== Segment start ==

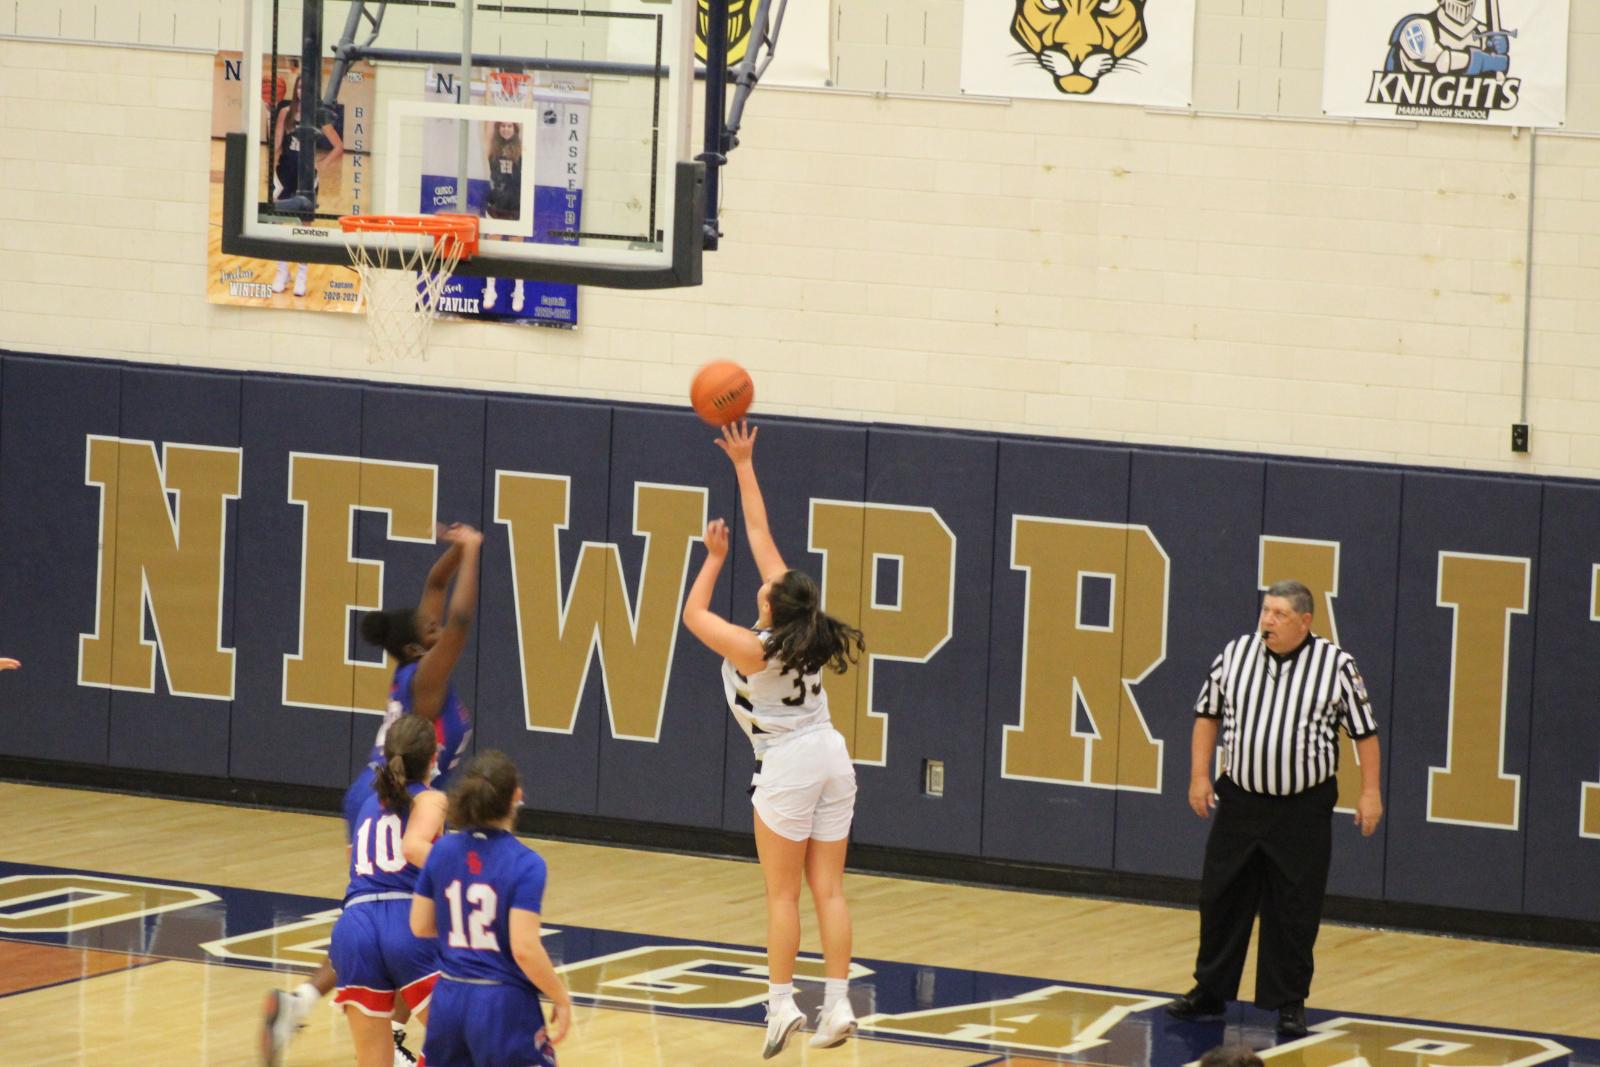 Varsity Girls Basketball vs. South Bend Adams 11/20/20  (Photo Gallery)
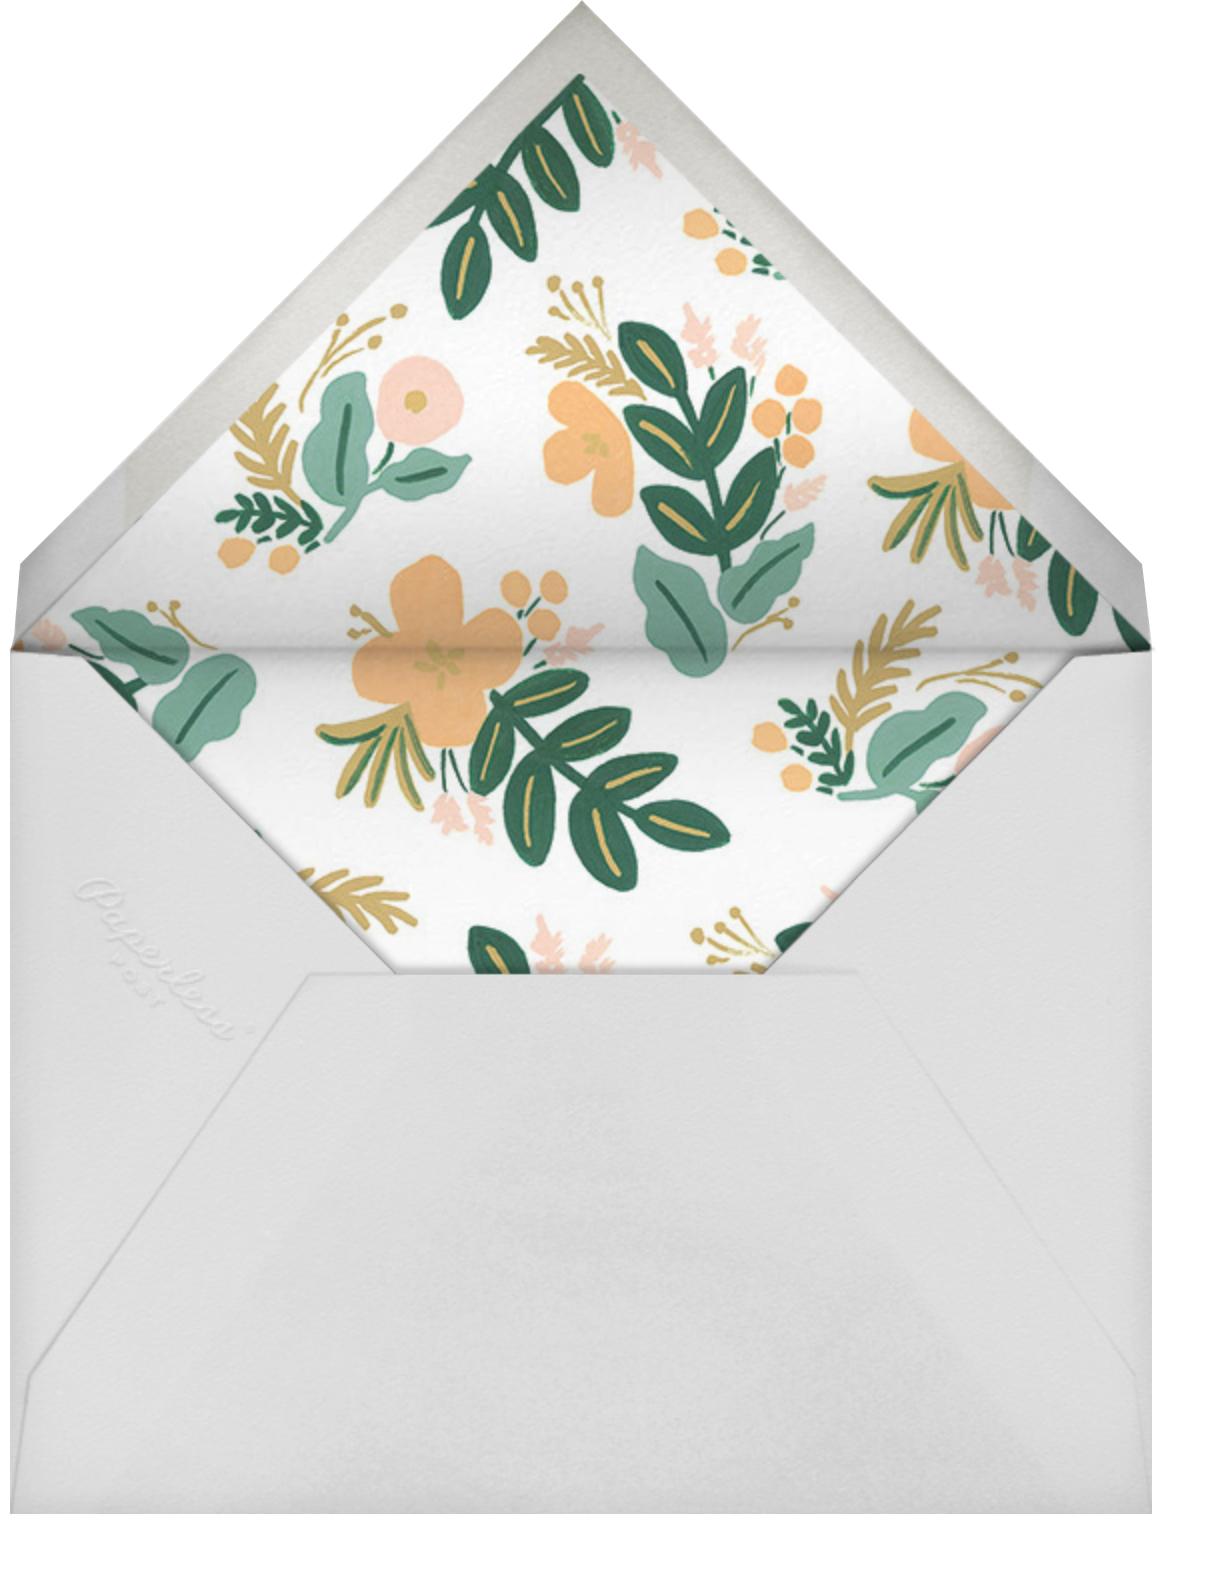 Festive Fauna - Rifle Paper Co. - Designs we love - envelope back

== Segment end ==
== Segment start ==

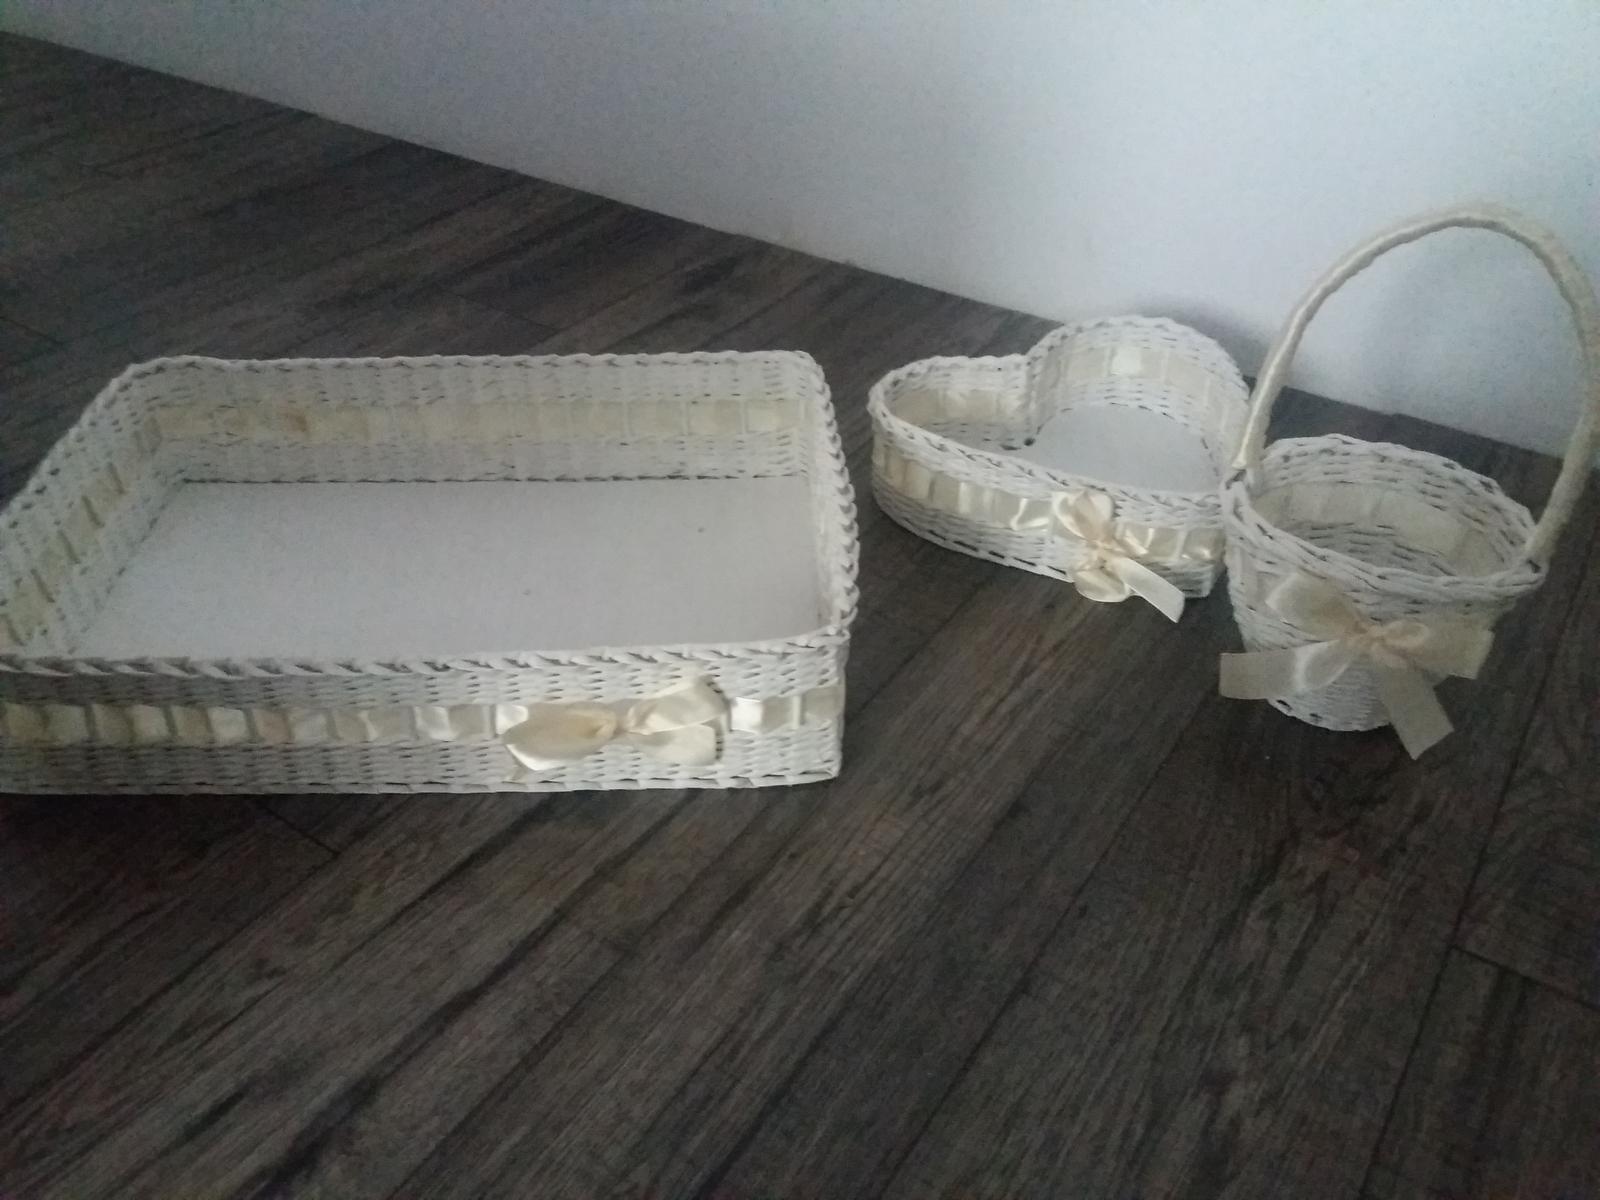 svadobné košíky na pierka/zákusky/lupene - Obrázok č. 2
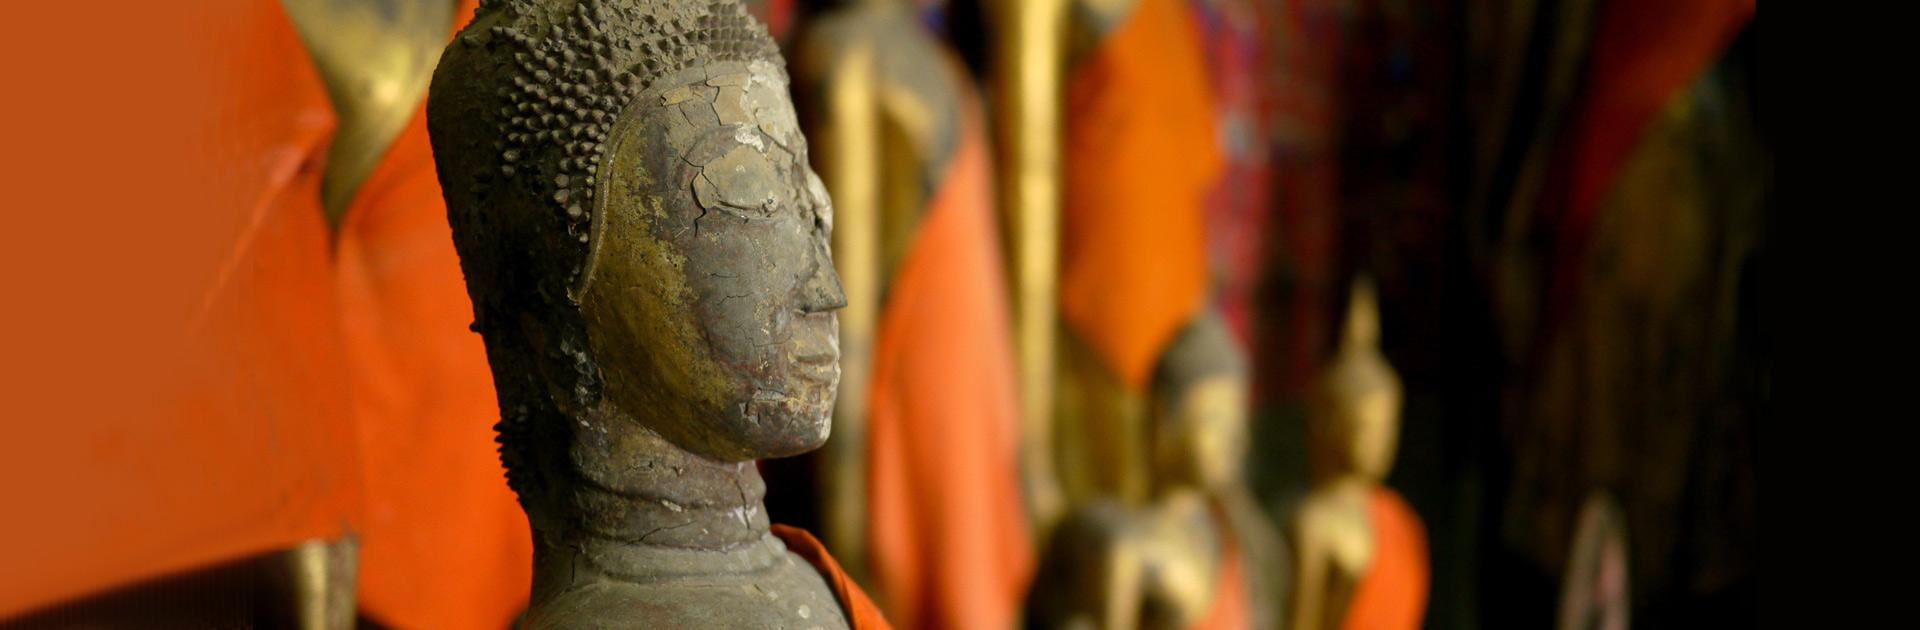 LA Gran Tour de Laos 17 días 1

== Segment end ==

- [Action item] Within the listing above, the lines starting at the one containing "svadobné košíky na" and ending at the one containing "LA Gran Tour de Laos 17 días 1" are to be returned exactly. Omit the pictures.

- [Written solution]
 svadobné košíky na pierka/zákusky/lupene - Obrázok č. 2
 LA Gran Tour de Laos 17 días 1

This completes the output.